A quarter hour spent reading this post will inform you of my far-from-perfect approach to IDing legit reviews online.
WHY IT MATTERS
The press has finally paid some attention to bogus reviews; witness this article, describing the market for such prostituted praise on Fiverr. Such articles can persuade innocents that Something Is Being Done, that reviews will henceforth be more trustworthy.
Lo dudo, dear reader, lo dudo mucho. Try plugging ‘review’ into the Fiverr search box; you’ll see. And those offers are just from the small fry. I’d be shocked if a corporate VP can’t read between the lines of a PR agency pitch to, say, “communicate product benefits to internet users” or “enhance brand image online.”

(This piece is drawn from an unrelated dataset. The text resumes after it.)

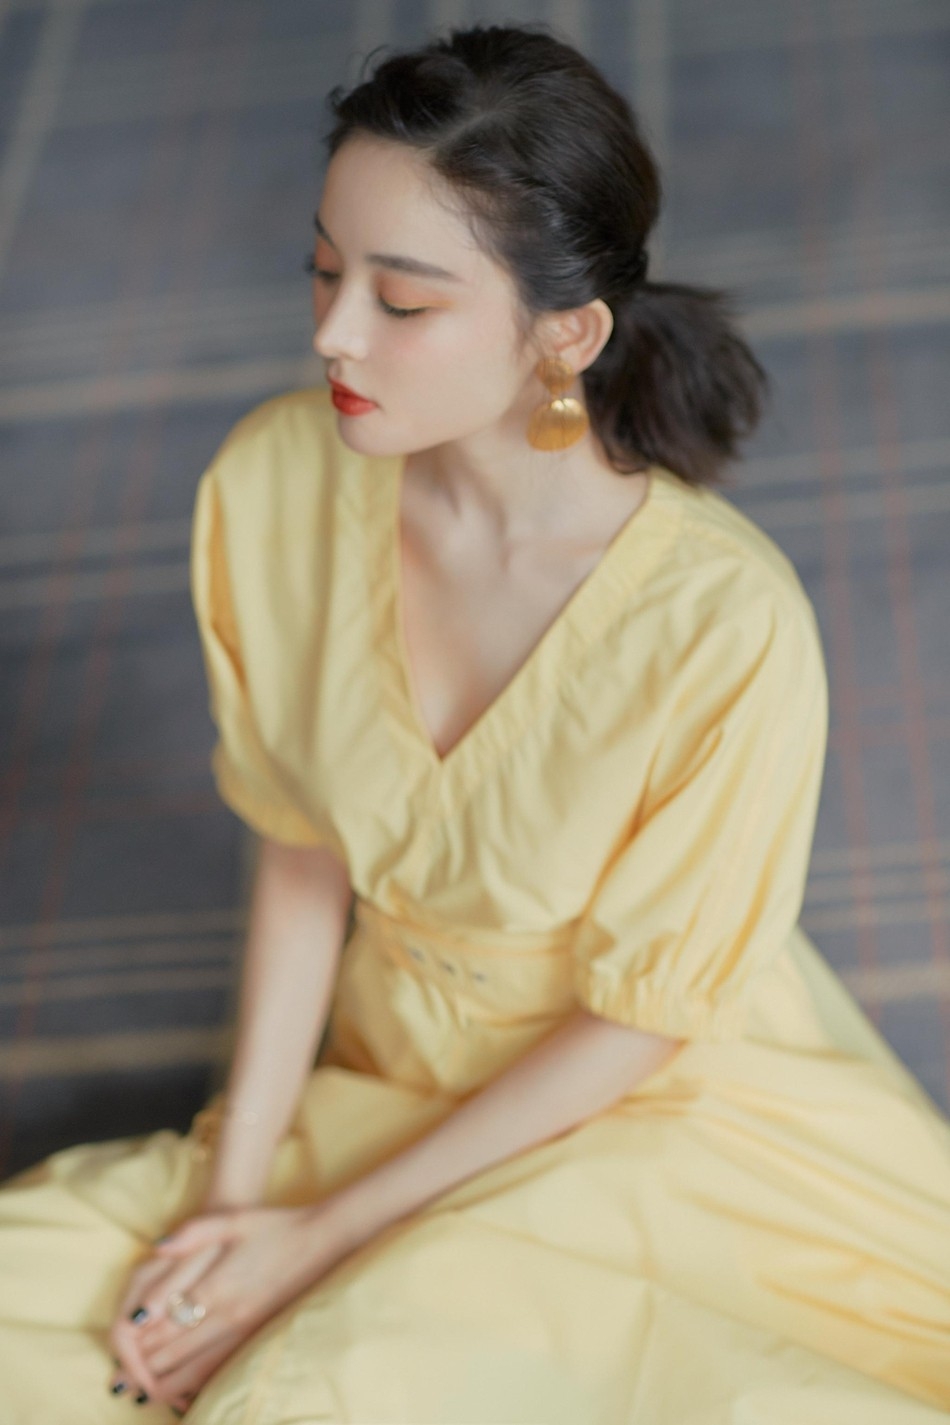 甜美成熟少女娜扎酥胸美腿黄色短裙小清新写真图片(1)

I have no evidence to back up such cynicism, still trust wisdom gained from decades as a grown-up. A national magazine ad campaign can cost as much as a Belvedere château. How much does it cost to click ‘post?’
Bogus reviews are too cheap, too profitable, too influential, too tough to catch. That VP doesn’t have to spell out what she wants to a gig-hungry PR agency. “Never write what you can say, never say what you can wink” made Aphorism for a reason.
If in doubt, please read this former boxing manager’s description of the reading-between-the-lines phrases he once used to fix fights:
You call up or visit the gym of any trainer who represents “opponents,” and have the following exchange:
“I’ve got a middleweight who could use a little work.” [Read: His fight shouldn’t be more than a brisk sparring session.]
“I got a good kid. But he ain’t been in the gym much lately.” [He’s out of shape.]
“That’s OK. I’m not looking for my guy to go too long.” [It’s got to be a knockout win.]
“My kid can give him maybe three good rounds.”
And that’s it. Your fighter’s next bout will go into the record books as a third-round knockout victory.
I presume that most fake reviews are still relatively unsophisticated. Puff your client’s stuff, occasionally slam competitors. Those fakes are low-hanging fruit. My odds of finding bonafide reviews sink as the fake-a-loo pros try harder to fool me.
I ignore the reviews on the first page, assume that the biz or PR agency will make sure these are 4s and 5s. If they aren’t, I may have found a biz that doesn’t game reviews (or that bounced a check to the agency that does).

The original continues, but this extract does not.